However, our comprehensive molecular testing of pancreatobiliary neoplasms demonstrated the recurrent presence of DNAJB1-PRKACA fusions in a subset with oncocytic features. Here, we discuss the clinicopathologic and molecular features of these pancreatobiliary neoplasms.
Methods
The study was approved by the institutional review board
Memorial Sloan Kettering Cancer Center institutional database of 34830 solid neoplasms that underwent clinical sequencing testing with MSK-IMPACT (n = 33,634) or MSK-Fusion Panel (n = 1196) assays as well as the authors’ prior research cohorts of 23 pancreatic and biliary intraductal oncocytic papillary neoplasms [5,6,7,8] were searched for cases with fusions involving DNAJB1 or PRKACA, the specific DNAJB1-PRKACA fusion in particular. MSK-IMPACT is a hybridization capture-based next-generation sequencing assay that assesses the coding regions as well as selected promoter and intronic regions of 410 genes (n = 23849) or 468 genes (n = 9785), depending upon the version of the test employed, for mutations, amplifications, deletions, selected structural rearrangements (including DNAJB1-PRKACA fusions), and microsatellite status against a patient’s matched normal [9,10,11]. Only cases tested using the newer (01/30/2015 or later) versions of the MSK-IMPACT panel (MSK-IMPACT 410 or 468) were included as the previous versions did not include probes that specifically target DNAJB1 intronic rearrangements. The MSK-Fusion assay is a custom targeted, RNA-based panel that utilizes Archer Anchored Multiplex PCR technology and next-generation sequencing to detect gene fusions in 62 genes (including DNAJB1, PRKACA, and ATP1B1) known to be involved in chromosomal rearrangements [12,13,14]. These custom assays have been validated and approved for the clinical use at Memorial Sloan Kettering Cancer Center by the New York State Department of Health Clinical Laboratory Evaluation Program.

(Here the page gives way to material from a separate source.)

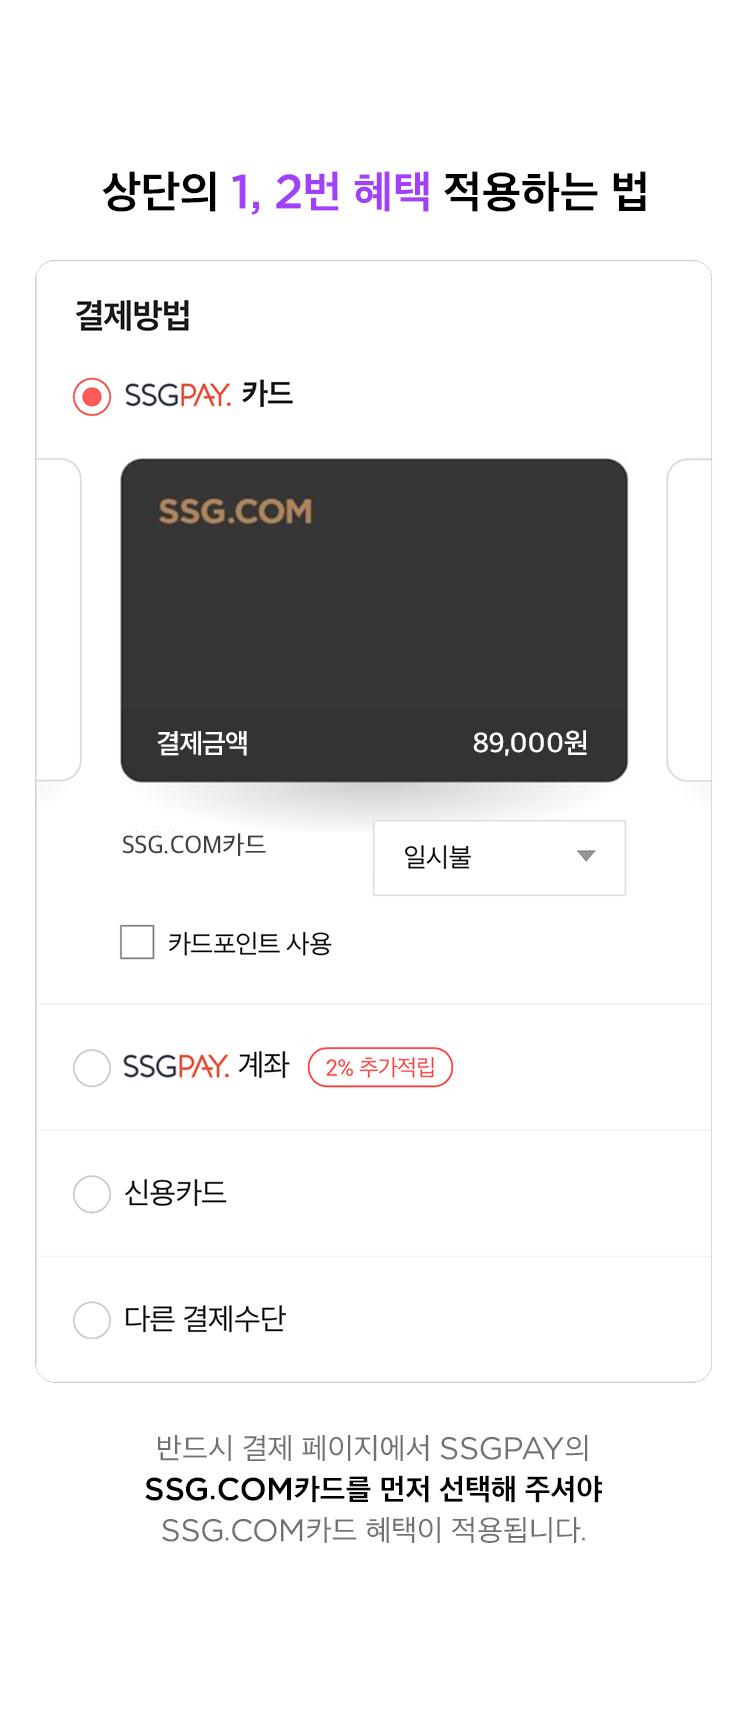 반드시 결제 페이지에서 SSGPAY의 SSG.COM카드를 먼저 선택해주셔야 SSG.COM카드 전용 혜택이 적용됩니다!

Separately, the Cancer Genome Atlas database [15, 16] was also searched for additional cases with fusions involving these genes.

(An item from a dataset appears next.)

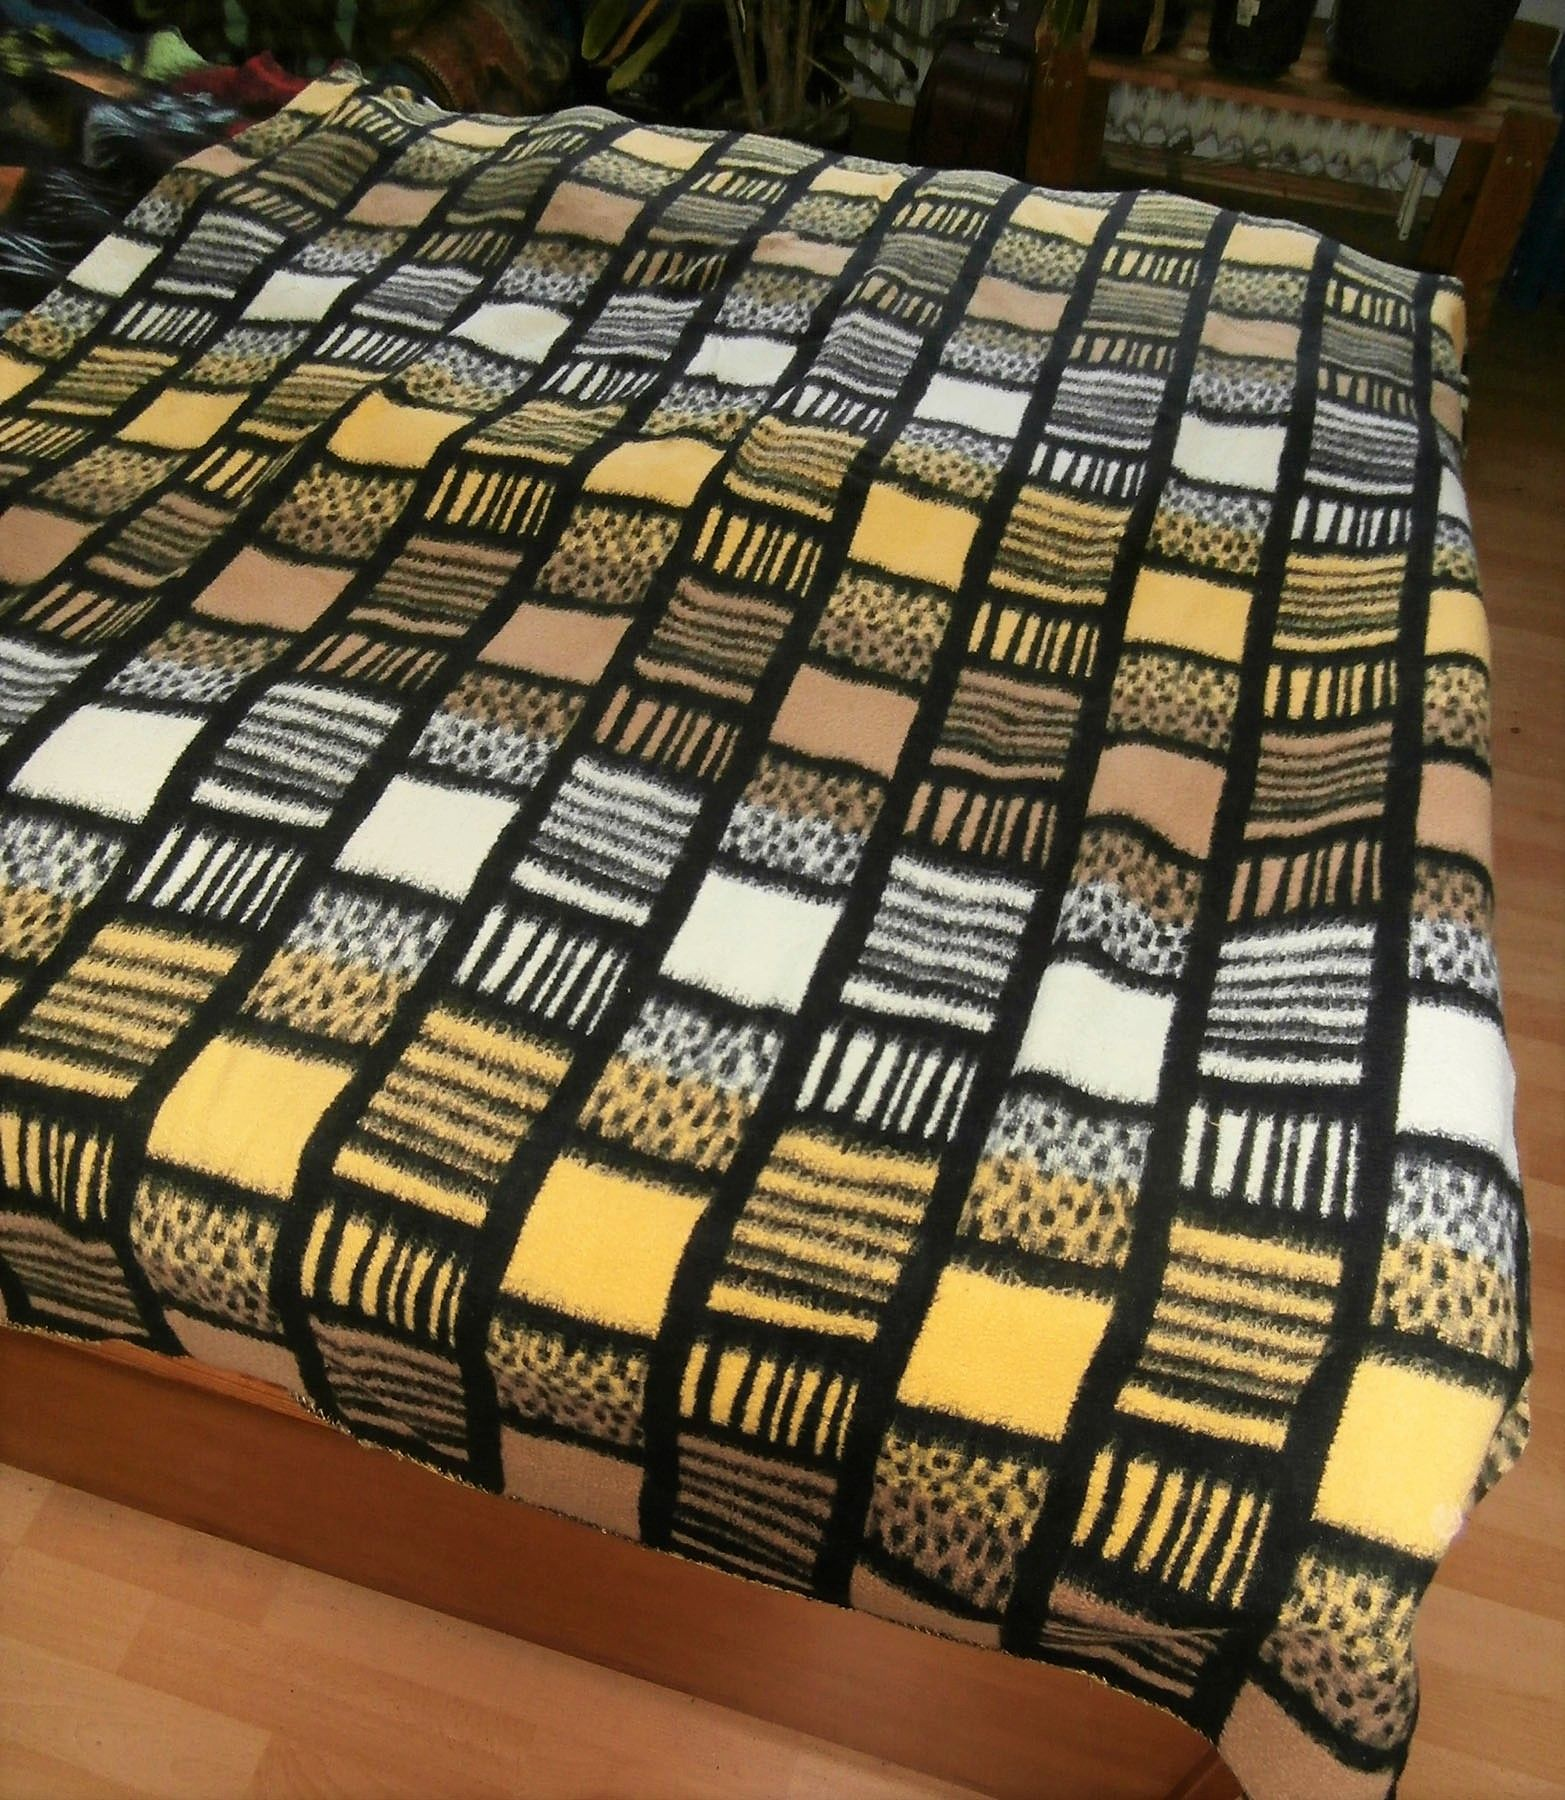 3 New Blankets Vintage Woolblanket Retroblankets Blanketmuseum Instagram 50s 60s Prop Oudedekens Vintageblanket Vintagedeken Wolldecke Decke Stoffe

Histologic sections of the cases with DNAJB1-PRKACA fusions in the institutional database were evaluated to characterize the diagnostic features of the neoplasms [slides of the primary neoplasm and metastases (if applicable) were reviewed and tissue from the primary was tested]. Available medical records, including pathology reports, were reviewed to obtain clinical data and outcome.

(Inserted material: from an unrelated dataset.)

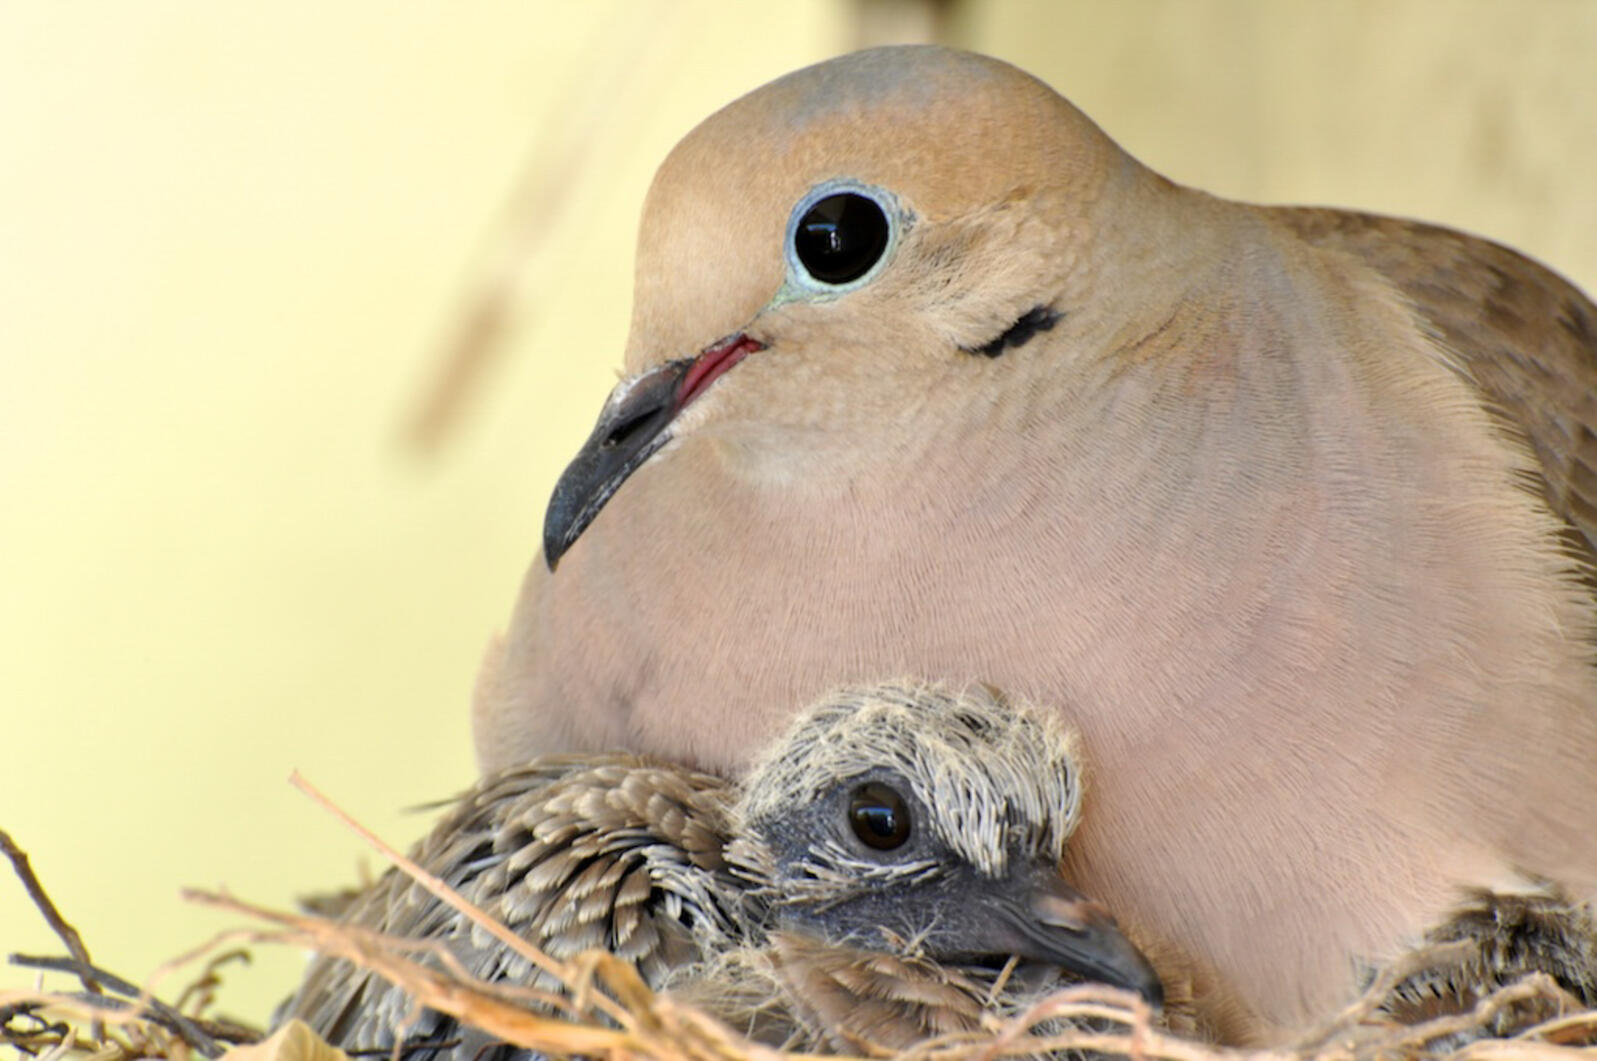 Mourning Dove with chick. Photo: Douglas Croft/Audubon Photography Awards.

The cases with DNAJB1-PRKACA fusions, for which additional material was available (n = 3), underwent FISH analysis following the standard protocols. Briefly, 4-µm-thick tissue sections were de-paraffinized, followed by dehydration in 100% ethanol. Tissues were treated with pepsin for 10–25 min, followed by fixation in 10% formalin, and dehydration in a series of 70%, 85, and 100% ethanol. The PRKACA break-apart probe set (Empire Genomics, Buffalo, NY) consists of two BAC probes for the 5′PRKACA region (383 kb, labeled in spectrum red) and 3′PRKACA region (542 kb, labeled in spectrum green), respectively. After applying the FISH probes to the tissue, both tissue and probes were co-denatured, hybridization was set at 37 °C overnight, followed by posthybridization washing, and counterstained with DAPI. Signal analysis was performed in combination with morphology correlation, and at least 100 interphase cells within the marked tumor area were evaluated and imaged using a Zeiss fluorescence microscope coupled with Metasystems ISIS software (Newton, MA).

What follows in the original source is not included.